The Preds received the kickoff and got back to their own five yard line. The Preds’ quarterback, Joe Hamilton, completed three passes in a row and wide out Cory Fleming scored with one second to go.
The Preds were now tied and only had to make the extra point to win. Inexplicably, the snap was high and the point was missed. Overtime.
Pat Haden was the game analyst and tried to keep up with Gruden’s thinking at the end of the game. The only thing Haden could come up with was that one needed to be counterintuitive to make the right decisions at the end of these AFL games.
So, one captain from each team went out for the coin flip.
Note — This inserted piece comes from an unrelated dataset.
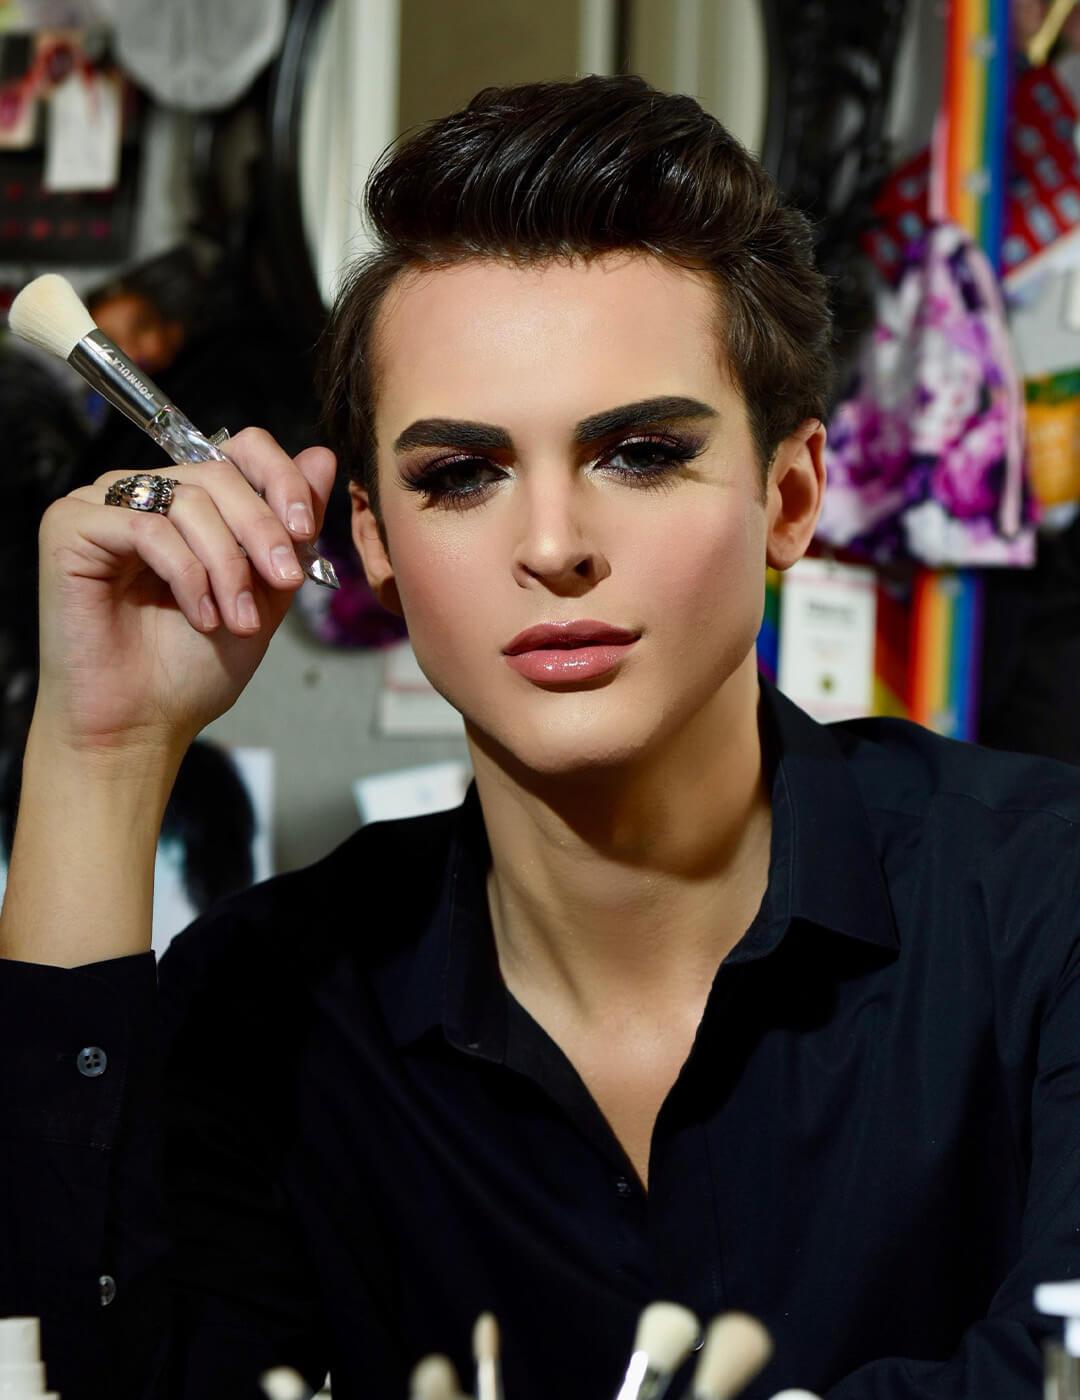 Portrait of Zach Dishinger holding a makeup brush

Haden opined that the team which won the flip would take the ball since, by AFL rules, each team gets one possession in OT, then the game goes into sudden death. Haden reasoned correctly that it would not make sense to defer in OT since the team which deferred would need to go for two if the other team scored a touchdown and an extra point.
All of these counterintuitive decisions are based on the fact that most AFL teams score a touchdown on every possession. If a team doesn’t score, it is a major turning point in the game. Usually, the teams score a touchdown over seventy percent of the time. It’s like men’s tennis. Most professional men hold their serve. If they don’t, they usually lose the match.
Gruden sent out The Glove, Kenny McIntyre, to manage the flip. The Preds won the toss but elected to defer. Haden was beside himself because of the decision. He didn’t second guess Gruden but expressed some displeasure with the call.
So, the Avengers gladly accepted the Preds’ gift and went on offense after a mediocre kick off. The Avengers easily drove downfield and scored to take a six point lead. However, inexplicably, the best kicker in the AFL missed the point after.
The Preds took the kickoff back to the sixteen and then Hamilton lofted an easy pass to a
wide open receiver who scored easily. The Pred’s kicker make the extra point to end the game. Easy victory for the Preds.
But, what about Pat Haden? He remained in brain lock from what he had just seen. He had logically laid out the obvious decisions which needed to be made but neither coach followed his logic.
The Preds won the game because they had a coach who had been around arena football for over a decade. He was an arena football savant. Pat Haden is NFL smart but not arena football smart.
A lesson was learned from the viewing of this game. And they say you can’t learn anything from watching sports. Hah.